11 de setembro de 2001, na janela de uma das Torres Gêmeas.

                                                                                   (PIGATTI, V, T., 2010)
                             A manhã daquele dia estava calma, o ar também estava frio, mas indefinido, por ser final de inverno e o sol ainda despontando no horizonte. O ambiente dentro do escritório estava aconchegante já que os condicionadores de ar mantinham a temperatura ambiente agradável e constante. Lembro-me de ter ido  até a janela do escritório e olhado para o horizonte. Dentro da sala do escritório era como se não houvesse vento. No entanto, tinha-se a impressão ao observar objetos expostos do lado de fora  que o vento tinha velocidade constante e soprava sempre na mesma direção. Busquei com meu olhar o lado  que dava vistas para o oceano. O mar é o que melhor atende a abstração de quem vive aguardando a esperançosamente a chegada do futuro. Apenas olhava o horizonte, admirava a linha do horizonte, até querendo ver um pouco além, ver o lado de lá. Algumas vezes eu era tomado por uma fixação e que, por ser abstrata, tornava-se absolutamente imperceptível, solitária, digamos assim. Abstração que me levaria a viajar pelo espaço-tempo sozinho,  em tudo distante e solitário. Ainda não havia conseguido participar essa sensação a outrem ou, certamente, não havia encontrado outra pessoa que sofresse do mesmo mal e resolvesse confessá-lo.

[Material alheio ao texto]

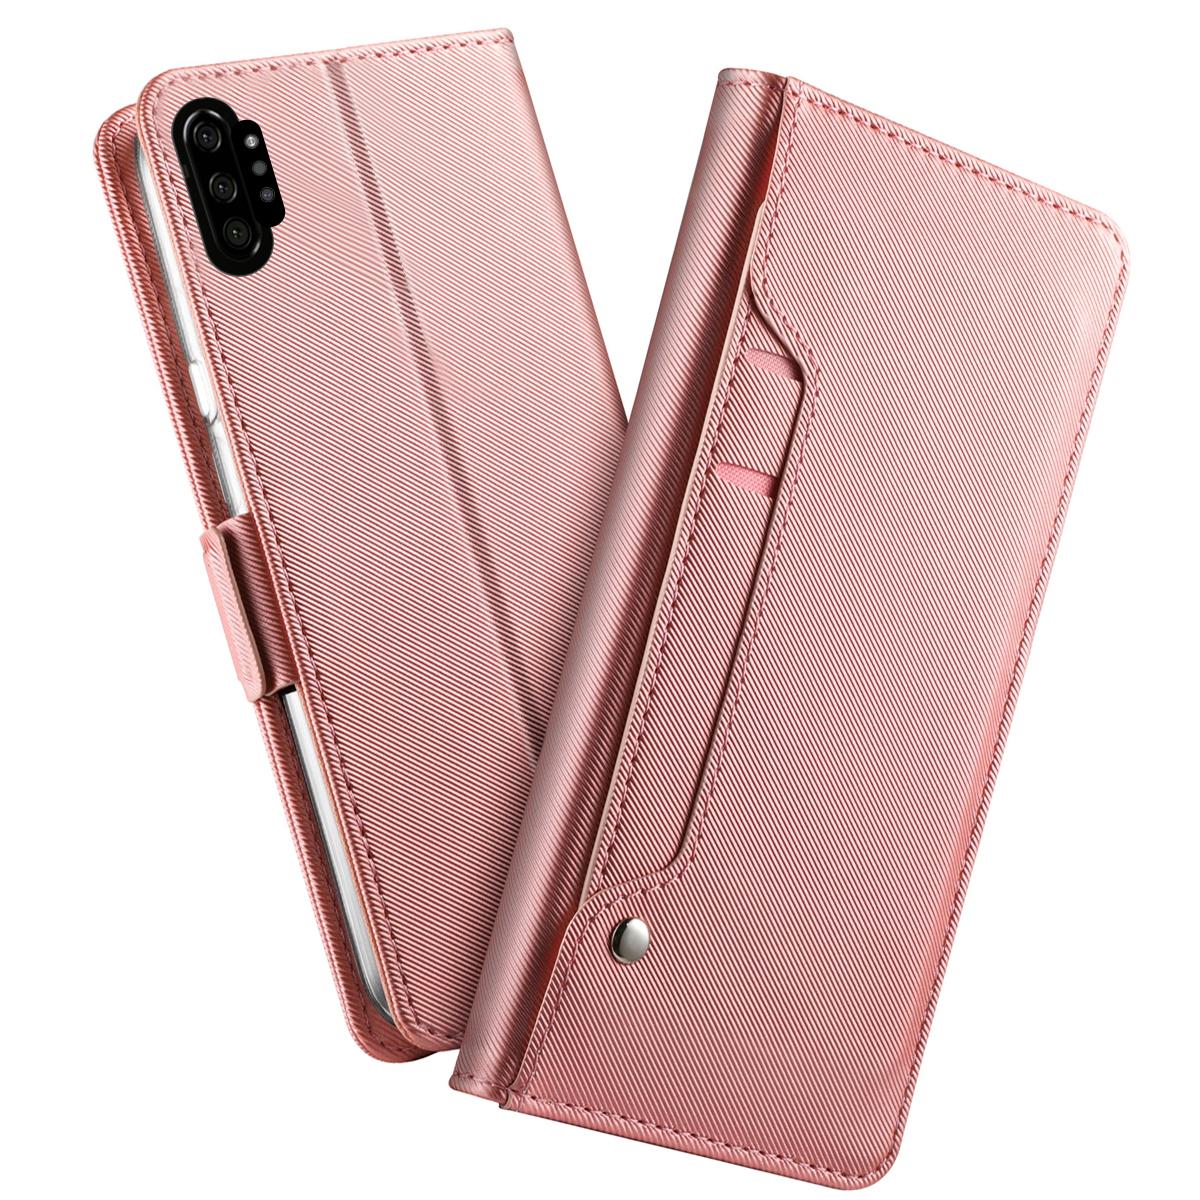 Samsung Galaxy Note 10 Plus Wallet Case Mirror Pink Gold

                            Engraçado! Havia momentos em que me sentia íntegro. Tinha uma sensação gostosa de estar em perfeita harmonia com o Universo e com a vida. Sintia-me único e indivisível. Sintia-me como uma das partes disso tudo, assim como se cada qual fosse uma coisa independente e parte do conjunto como o são as estrelas, o satélite, os planetas, os bichos. Tinha a sensação de estar em perfeita comunhão com a natureza e por pouco não saí a andar sem rumo certo, deixando-me levar pelos braços das estradas.  Em alguns momentos sentia-me  dono do próprio destino.

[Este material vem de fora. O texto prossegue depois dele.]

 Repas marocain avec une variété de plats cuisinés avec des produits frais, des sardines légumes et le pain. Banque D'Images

                             Enquanto admirava o universo olhando-o daquela janela do nonagésimo quinto andar,  percorria também a linha do horizonte, entre o oceano e o céu. Imaginava-me prazerosamente distante daquilo tudo, protegido pela altitude, pelas portas, paredes e vidraças. Dali podia ver algumas ilhotas inabitadas, suponho. Em minha imaginação fugidia gostaria de estar em uma daquelas ilhotas com uma ou outra pessoa, como se livre de tudo e de todos. Precisaria de alguns artefatos elementares e simples. Algo para a realização de pesca, para fazer um fogo, para facilitar a preparação do alimento como faca, garfo, um recipiente resistente ao fogo e um prato. Algumas roupas e só. Poderia ficar lá por bom tempo até que a solidão me fizesse desejar a chegada imprevisível de algum semelhante. Já tivera o prazer de fazer isso em uma praia deserta quando ainda morava na cidade onde nasci, lá na América do Sul.
                                 Ah meu Deus!  Como o horizonte, tal qual as chamas de uma fogueira,  exerce um fascínio no homem! Como atrai pensamentos e desejos. Com o rosto quase colado ao vidro da janela lembrava-me do tempo em que havia ficado naquela praia solitária do litoral norte do Estado de São Paulo. Depois de alguns dias ali, surgiu uma outra pessoa e não precisamos trocar muitas palavras para nos identificar. Bastava-nos abstrair ao olhar o mar para termos uma sensação maravilhosa de identidade. Trazíamos de dentro de nossa natureza algo tribal. Era como se fôssemos parte de uma mesma nação no sentido mais atávico e profundo. Passávamos horas assim, em silêncio, sem olhar um no outro, com os rostos voltados para  o horizonte ou a procura de algum alimento marítimo para sustentar a vida. 
                            Como poderia prever ou imaginar que mais à frente estaria tão longe daquela praia,  milhares de quilômetros com o rosto colado naquela janela daquele fatídico edifício. A verdade é que eu estaria lá tentando um outro tipo de vida, completamente diferente da que desejado ao observar a solidão das ilhas. A vida leva a gente para onde a gente quiser, basta estar disposto. Naquele momento eu estava ali em terra estranha,  correndo atrás da qualidade de vida que me prometia o dinheiro que só é possível dignamente em um país desenvolvido, de primeiro mundo. Havia fugido do futuro incerto da América do Sul, do atraso centenário que assola o meu lugar de origem. 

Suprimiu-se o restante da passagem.